Giter Site home page Giter Site logo

hadoop-map-reduce's Introduction

HADOOP MAP-REDUCE

Project Overview

This project aims to analyse the Hadoop map-reduce framework and explore following problems:

  • Count word frequency for a given dataset
  • Top K frequently occuring words in N files

We explore these problems for different datasets and different implementations of Map-Reduce program, and establish a comparitive analysis.

Pre-requisites

  • Ensure that Hadoop is installed. We use single-node setup for the execution of the above programs. More Details: Single Node Setup.

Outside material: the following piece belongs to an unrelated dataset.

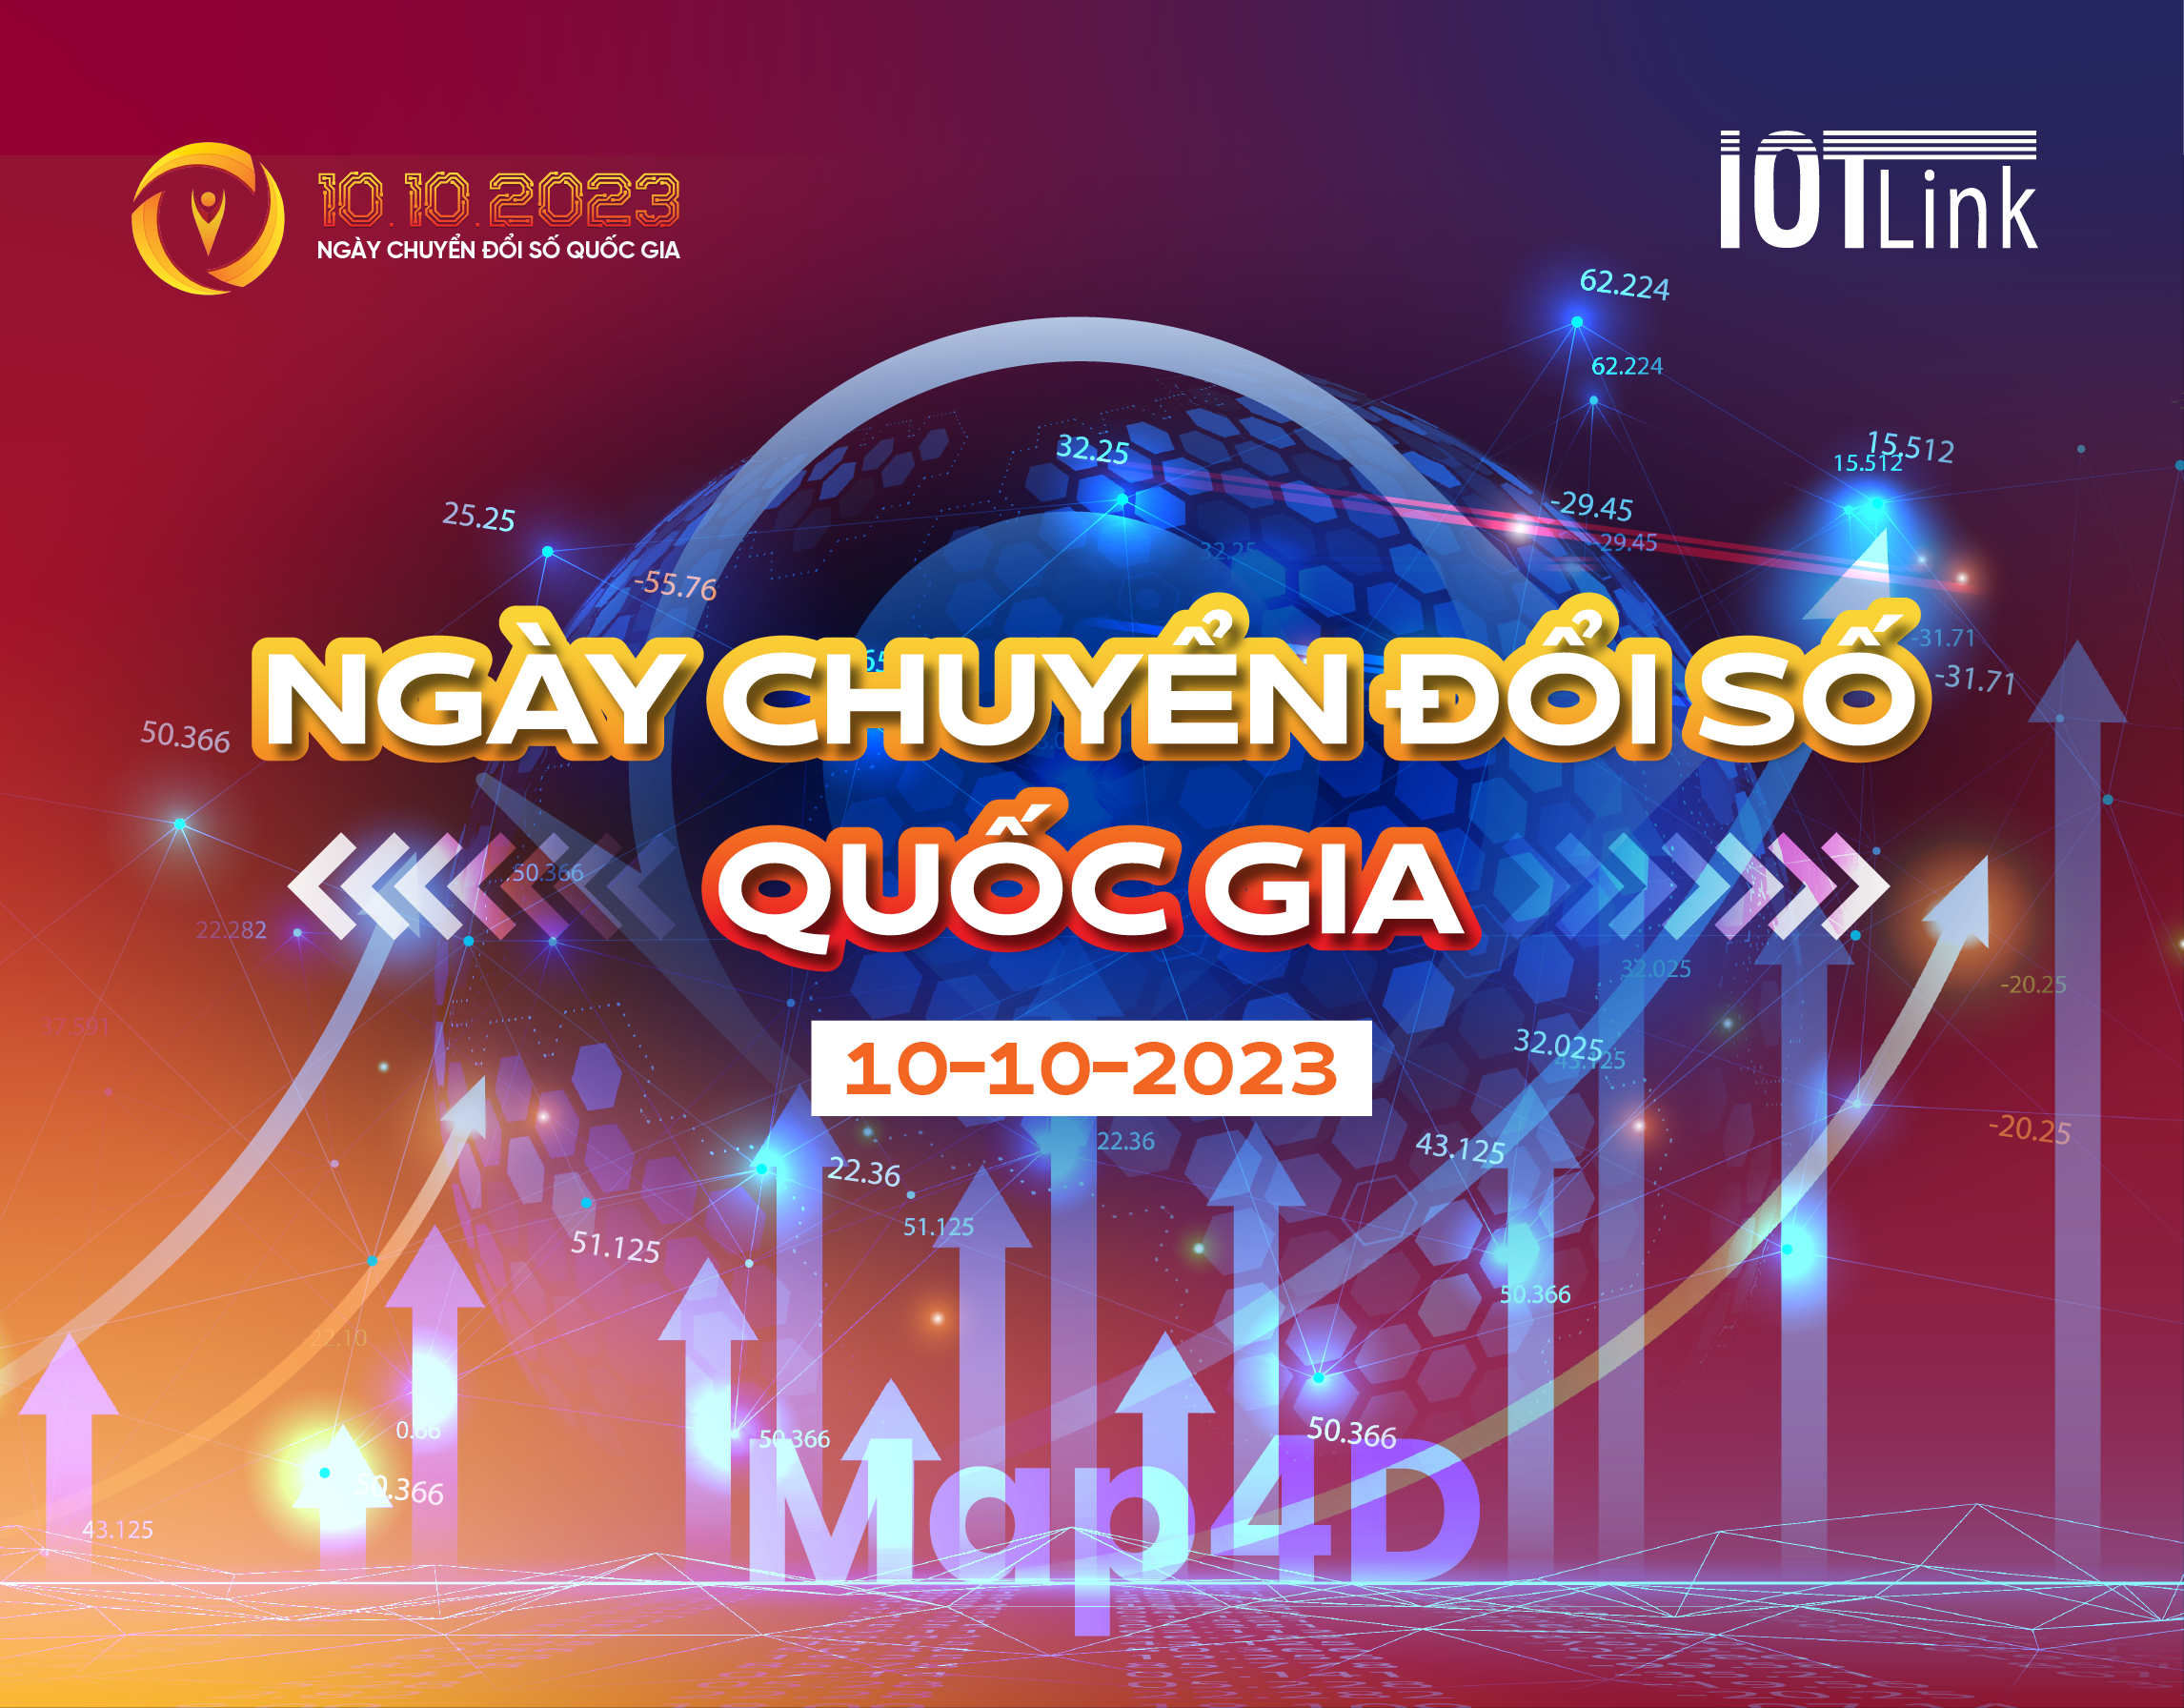 Ngày chuyển đổi số Việt Nam 10-10-2023

Task 1: Word Count Program

We evaluate map-reduce word count program on three datasets:

Execution of Word Count map-reduce program for Quora Insincere Questions Classification Dataset:

  • First, create an input directory in HDFS
hadoop fs -mkdir /quora_dataset
hadoop fs -mkdir /quora_dataset/input
  • Add file_quora_dataset.txt (containing 100K records) inside the input directory in HDFS.
hadoop fs -put './datasets/file_quora_dataset.txt' /quora_dataset/input
  • Run ./word_count/word_count_classes/word_count.jar and store the results in an output directory in HDFS.
hadoop jar ./word_count/word_count_classes/word_count.jar WordCount  /quora_dataset/input  /quora_dataset/output

Execution of Word Count map-reduce program for IMDB Movie Reviews Dataset:

  • Installl the IMBD dataset from the link and create a txt file (datasets/file_imdb_dataset.txt) of all the 100K reviews. Add file_imdb_dataset.txt (containing 100K records) inside the input directory in HDFS.
hadoop fs -mkdir /imdb_dataset
hadoop fs -mkdir /imdb_dataset/input
hadoop fs -put './datasets/file_imdb_dataset.txt' /imdb_dataset/input
hadoop jar ./word_count/word_count_classes/word_count.jar WordCount  /imdb_dataset/input  /imdb_dataset/output

Execution of Word Count map-reduce program for SMS Spam Collection Dataset:

hadoop fs -mkdir /spam_dataset
hadoop fs -mkdir /spam_dataset/input
hadoop fs -put './datasets/file_spam_dataset.txt' /spam_dataset/input
hadoop jar ./word_count/word_count_classes/word_count.jar WordCount  /spam_dataset/input  /spam_dataset/output

Task 2: Top K frequently occuring words in N files

We take 20 large text files given in the link and add it to the folder 20_Files. Our aim is to calculate top 100 most frequently occuring words in these files. We have 3 implementations for this problem.

Solution 1:

This is a basic solution. We simply implement the word count program for our 20 files given above and find the top 100 most frequntly occuring words using the command:

hadoop fs -mkdir /Top_100
hadoop fs -mkdir /Top_100/input
hadoop fds -put './20_Files' /Top_100/input
hadoop jar ./word_count/word_count_classes/word_count.jar WordCount /Top_100/input/20_Files  /Top_100/output
hadoop fs -cat  /top_100_words/output/* | sort -n -k2 -r | head -n100

Solution 2:

We map all words in 20 files to <1,w1>, <1,w2>, <1,w3>, <1,w4>..... <1,wn>. The reducer receives <1,[w1,w2,w3....wn]>. We maintain a HashMap in the reducer to store the count of all the words in the form <w1,c1>,<w2,c2>,<w3,c3>...<wn,cn>. Then, we add all the entries of the hashmap to a treemap in the form <c1,w1> <c2,w2> <c3,w3>...<cn,wn> to sort the entries according to their count. Finally, we write the top 100 values from the treemap.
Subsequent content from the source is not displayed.